I'm thinking about buying a m&p 9mm and was wondering if there is a .22 conversion kit out there? I've tried searching around but haven't seen anything definitive.


----------



## avigar (Jan 13, 2012)

There is none. You can, however, buy the M&P22 pistol. It's much cheaper to shoot. Ammo for it is harder to find, though.


----------



## new guy (Nov 16, 2010)

I actually bought the M&P .22 as my first gun just to get some shooting in before stepping up. Very nice piece for under $400! A conversion would more than likely cost that or more but there isn't even one out that I'm aware of.
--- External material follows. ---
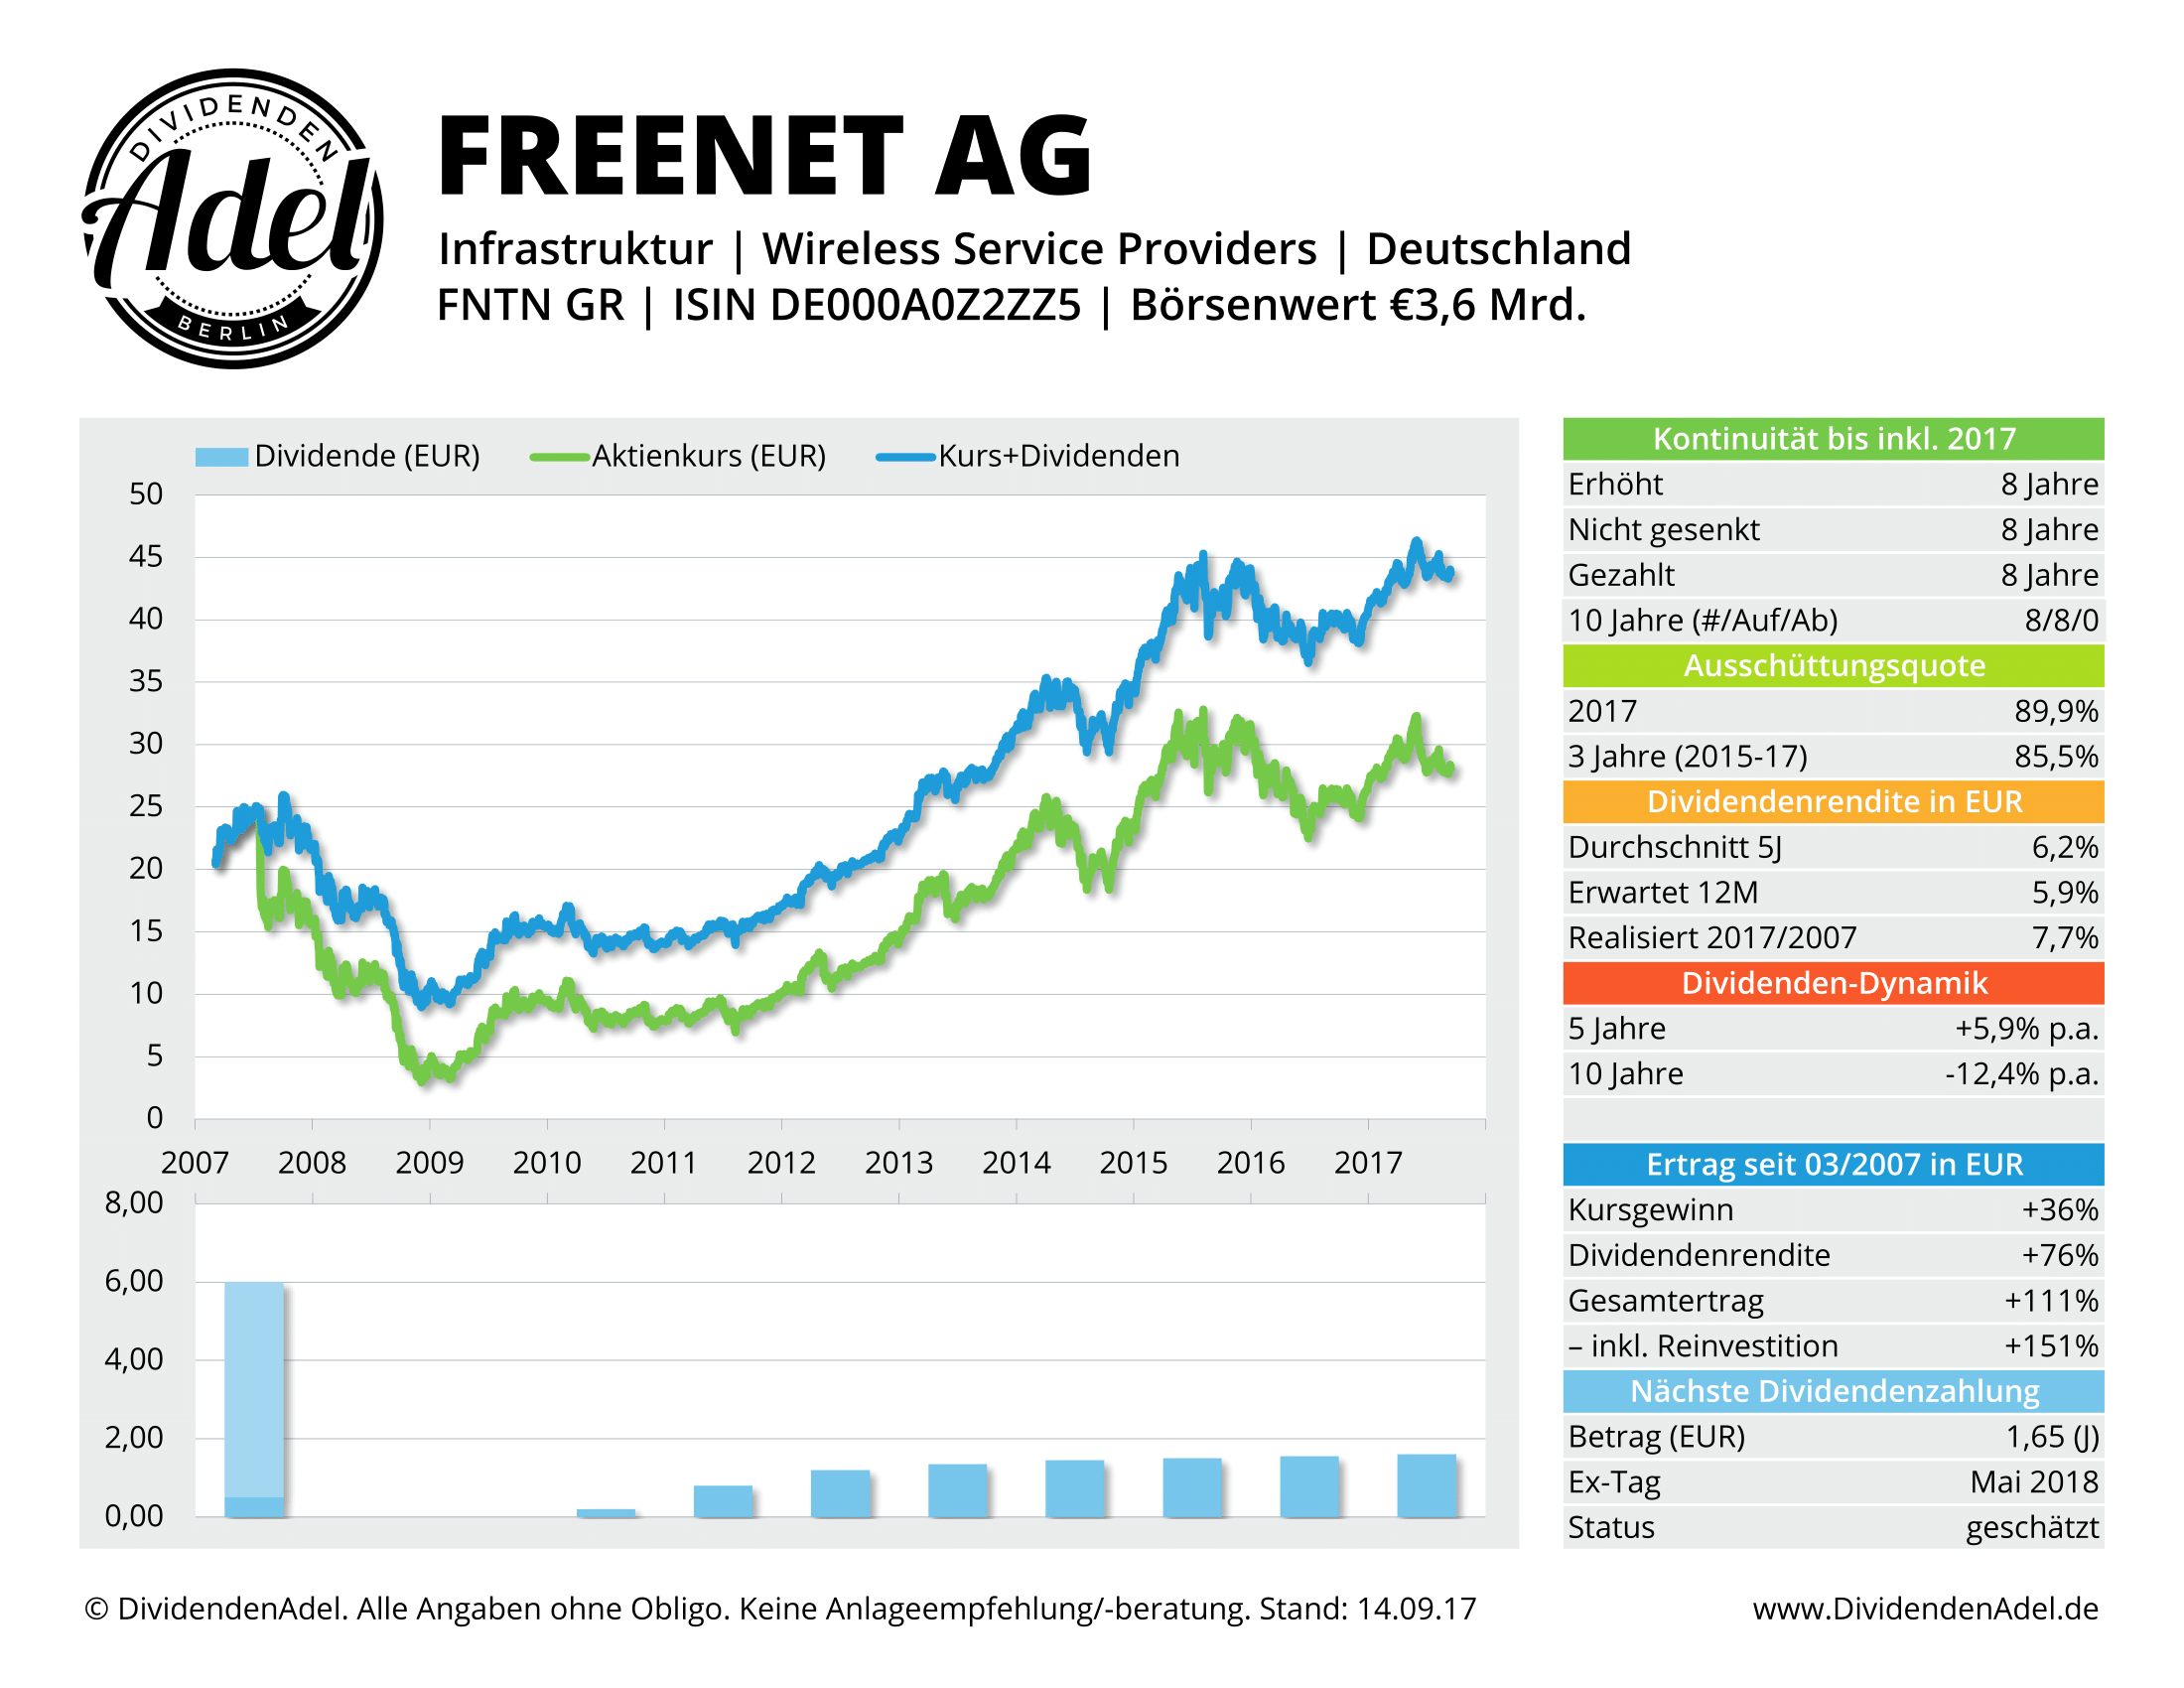 FREENET AG DividendenAdel-Profil
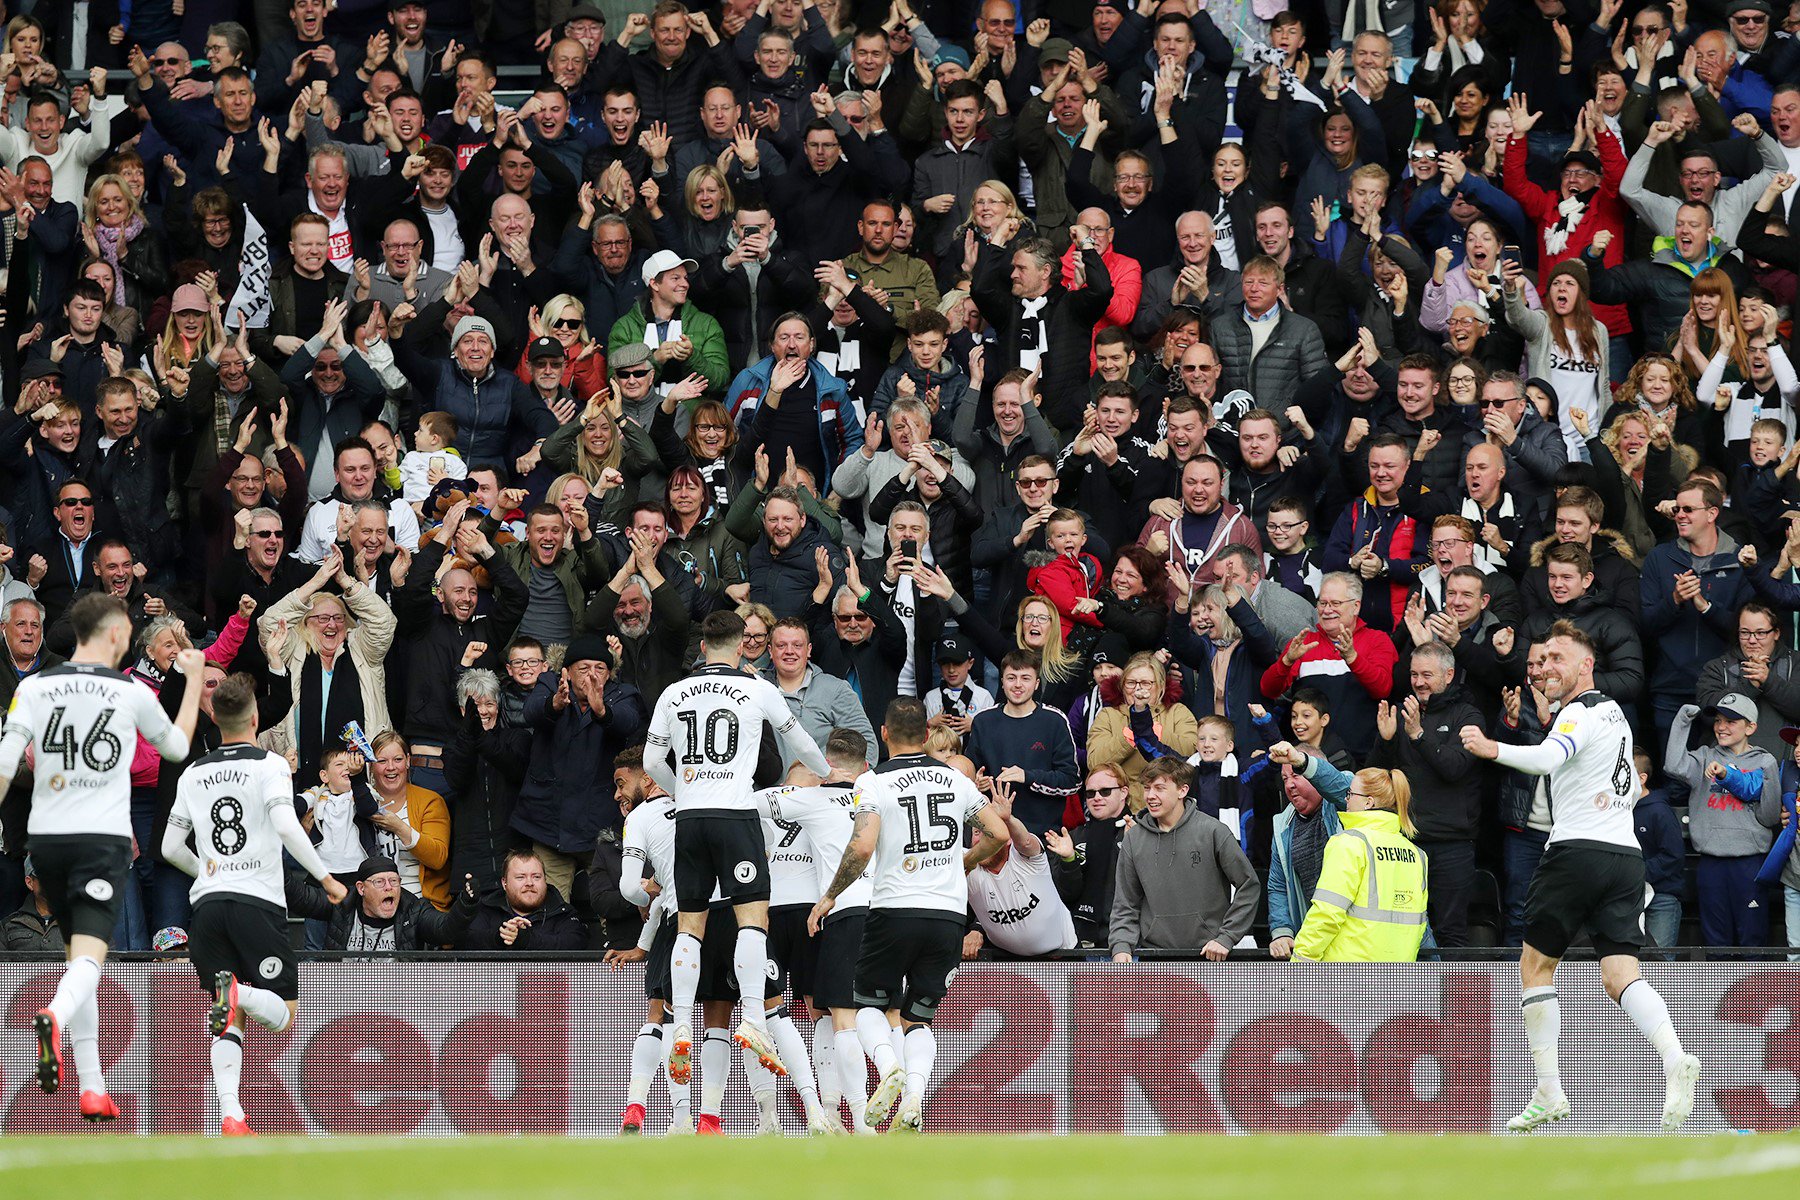 Derby County 3-1 West Brom: Đoàn quân của Frank Lampard đoạt vé dự vòng play-off

Finding the .22 ammo, well, that's a whole nother issue in itself.


----------



## Cavere (Jan 1, 2013)

I felt the m&p .22 and it just didn't have the same feel to me as my 9mm. So just last week actually I bought a beretta neos. A conversion would be great though just to have the same weight and feel along with my grips. 

Oh well.


----------



## BigCityChief (Jan 2, 2013)

new guy said:


> I actually bought the M&P .22 as my first gun just to get some shooting in before stepping up. Very nice piece for under $400! A conversion would more than likely cost that or more but there isn't even one out that I'm aware of. Finding the .22 ammo, well, that's a whole nother issue in itself.


I think it's easier to find the ammo than a second magazine. I've been looking since early November.


----------



## new guy (Nov 16, 2010)

Yeah I can't find extra magazines for my .22 either. Nobody can I don't think.


----------